Diving Deeper Into Preceding Loads
You don't need to stop there! You can sum up a Preceding Load if you needed to have another value calculated on fields derived from your Preceding Load. Taking the example of our date interval, we could then sum up another field based on whether the threshold has been breached upon.
Simply pile up another load on top of the one before, as shown below:
SimplePreceding LOAD *, [To Date] - [From Date] - as Duration ; LOAD Date(Date#(FromDate, 'YYYYMMDD'), 'DD MMM YYYY') as [From Date], Date(Date#(ToDate, 'YYYYMMDD'), 'DD MMM YYYY') as [To Date], FROM ..\SourceData\Durations.csv (txt, codepage is 1262, embedded labels, delimiter is ',', msq);
You can have a limitless number of levels of load. And although this looks like you are likely misinterpreting something (like a BI version of Inception), Preceding Loads help you unclutter and simplify a script. You can have expressions that use fields from any of the levels below in order to make new values.
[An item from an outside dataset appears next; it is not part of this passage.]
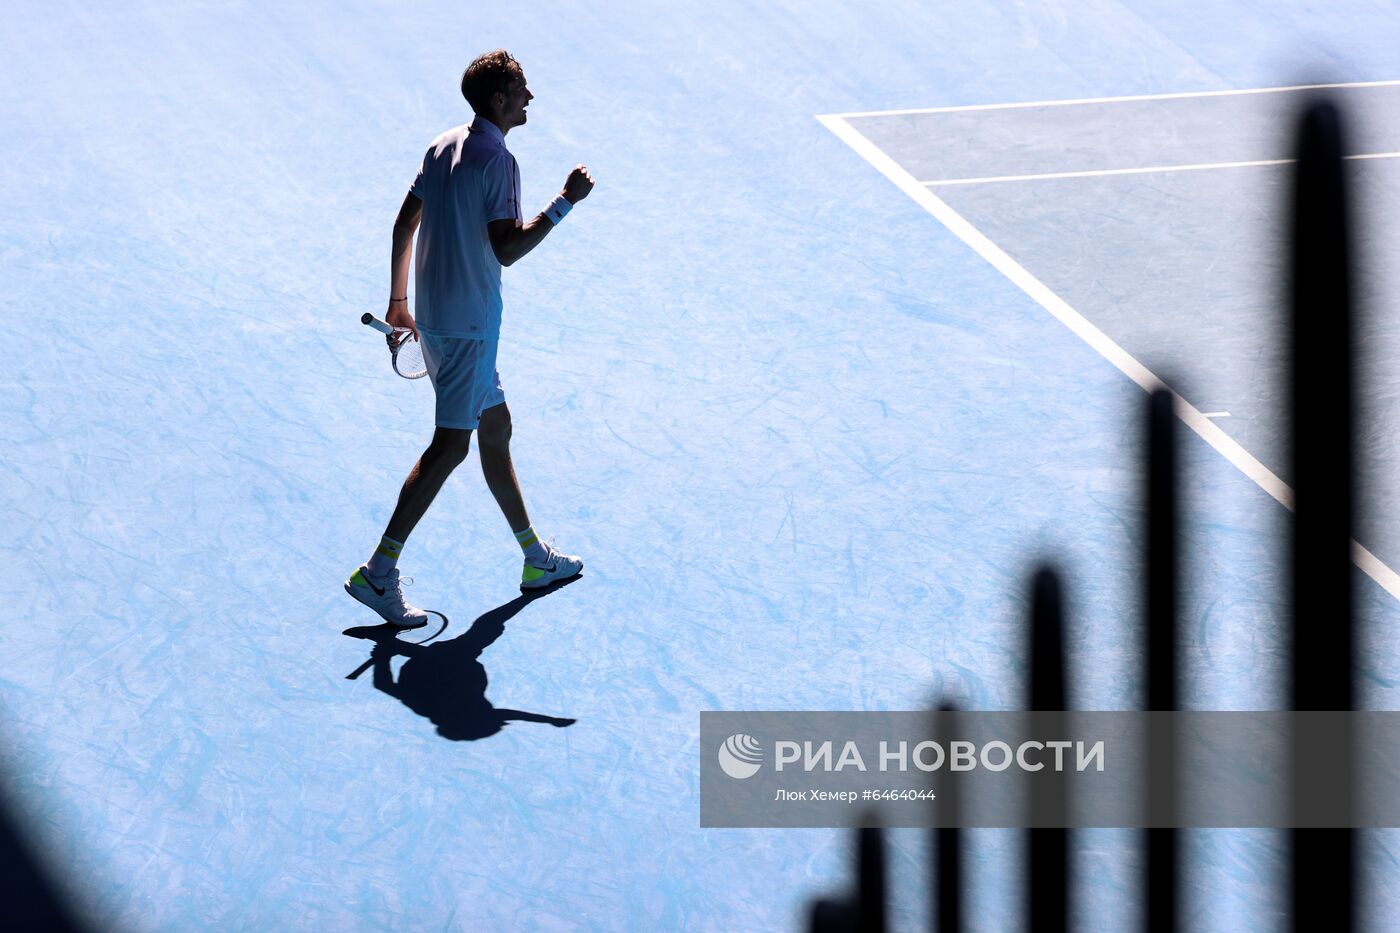 Теннис. Открытый чемпионат Австралии - 2021. Матч А. Рублев - Д. Медведев

Lastly, although they are not a part of a truly "back to basics" post, I would like to say that there are functions you can utilize in your Preceding Loads that you may previously have only linked with the first position of load.
GROUP BY are allowed to use values from the previous load. You should not use these features frequently, but you should know how and why they are sometimes used.
Your toolbox of QlikView load script with Preceding Loads enables you to create complex expressions while preserving your code simply by splitting things up into bite-sized chunks. Cloning can be eliminated and there can be an improvement in maintainability that is impressive for a simple, small technique.
Opinions expressed by DZone contributors are their own.